Pediatrics. 2001 Jul;108(1):152-7. doi: 10.1542/peds.108.1.152.

Abstract

OBJECTIVES

To compare the attitudes of neonatologists, neonatal nurses, the parents of extremely low birth weight (ELBW) children, and the parents of normal birth weight children toward saving infants of borderline viability and who should be involved in the decision-making process and to compare physicians' and nurses' estimates of the proportion of infants who are born at various gestational ages with regard to survival, morbidity, and treatment.

METHODS

A questionnaire was given to 169 parents of ELBW children and 123 parents of term children, who were part of a longitudinal study of the outcome of ELBW infants. A similar questionnaire was completed by 98 Canadian neonatologists and 99 neonatal nurses.

RESULTS

Physicians tended to be more optimistic than nurses regarding the probability of survival and freedom from serious disabilities and would recommend to parents life-saving interventions for their child at earlier gestational ages. A significant majority of parents believed that attempts should be made to save all infants, irrespective of condition or weight at birth, compared with only 6% of health professionals who endorsed this. In contrast to parents, health professionals believed that economic costs to society should be a factor in deciding whether to save an ELBW infant. However, health professionals did not believe that the economic status of the parents should be a factor, although the stress of raising an infant with disabilities should be.

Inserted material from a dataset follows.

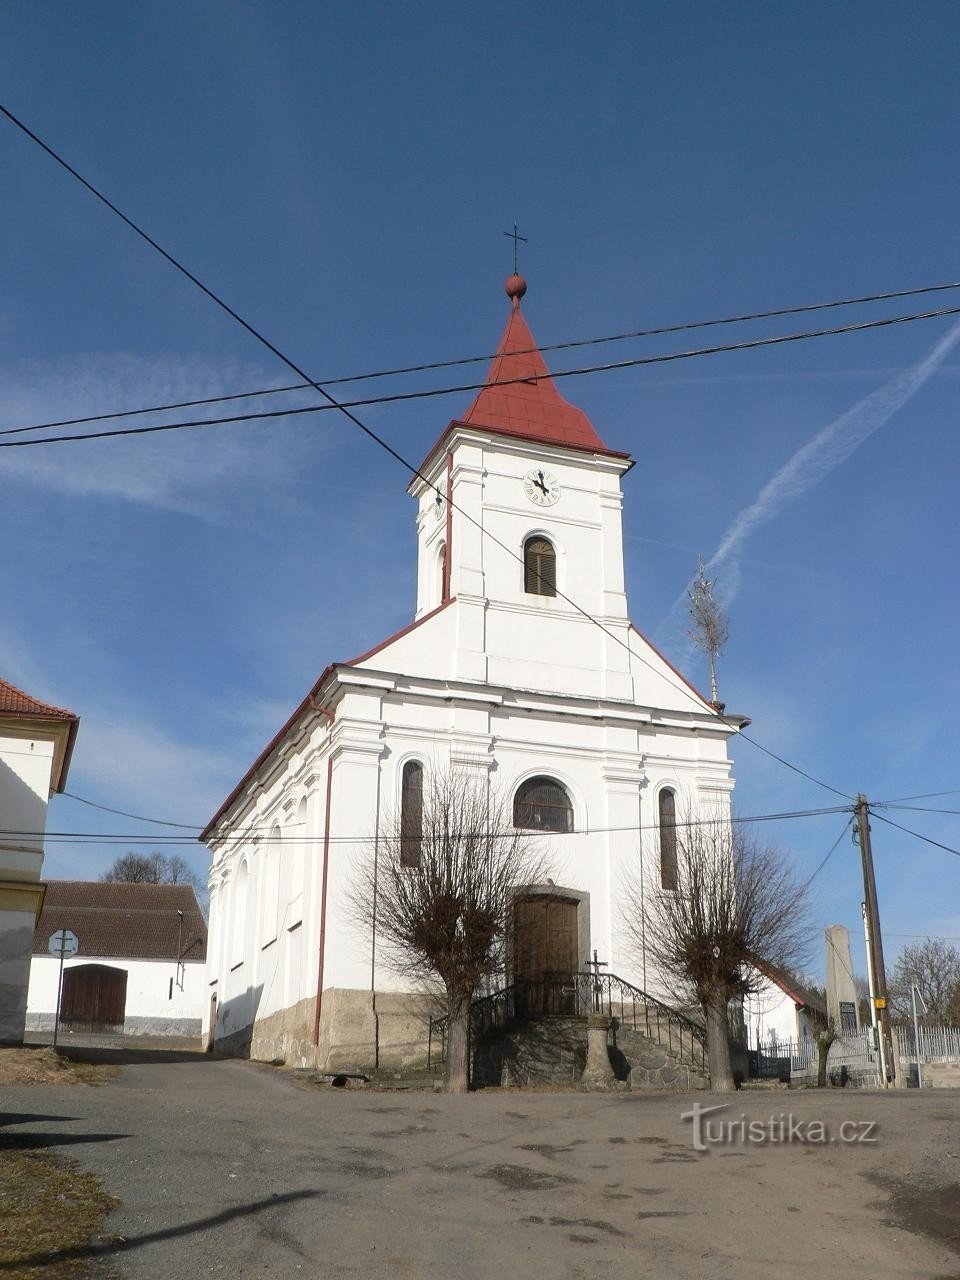 Velenovy, forsiden af ​​kirken

Most respondents believed that the parents and physicians should make the final decision but that other bodies, such as ethics committees or the courts, should not.

CONCLUSION

Health care professionals must recognize that their attitudes toward saving ELBW infants differ from those of parents. Parents, whether of term or extremely premature children, are more in favor of intervening to save the infant irrespective of its weight or condition at birth than are professionals. It therefore is imperative that there be joint decision making, combining the knowledge of the physician with the wishes of the parents.

摘要

目的

比较新生儿科医生、新生儿护士、极低出生体重(ELBW)儿的父母以及正常出生体重儿的父母对挽救临界生存能力婴儿的态度以及应由谁参与决策过程,并比较医生和护士对不同孕周出生婴儿的生存、发病情况及治疗比例的估计。

方法

向169名ELBW儿的父母和123名足月儿的父母发放问卷,他们是ELBW婴儿结局纵向研究的一部分。98名加拿大新生儿科医生和99名新生儿护士完成了一份类似的问卷。

结果

在生存可能性和无严重残疾方面,医生往往比护士更乐观,并且会建议父母在更早的孕周对孩子进行挽救生命的干预。绝大多数父母认为应该尝试挽救所有婴儿,无论其出生时的状况或体重如何,相比之下,只有6%的医疗专业人员支持这一点。与父母不同,医疗专业人员认为社会的经济成本应作为决定是否挽救ELBW婴儿的一个因素。然而,医疗专业人员不认为父母的经济状况应成为一个因素,尽管抚养残疾婴儿带来的压力应该是一个因素。大多数受访者认为父母和医生应做出最终决定,但伦理委员会或法院等其他机构不应参与。

结论

医疗保健专业人员必须认识到他们对挽救ELBW婴儿的态度与父母不同。无论是足月儿还是极早产儿的父母,都比专业人员更倾向于进行干预以挽救婴儿,无论其出生时的体重或状况如何。因此,必须进行联合决策,将医生的知识与父母的意愿结合起来。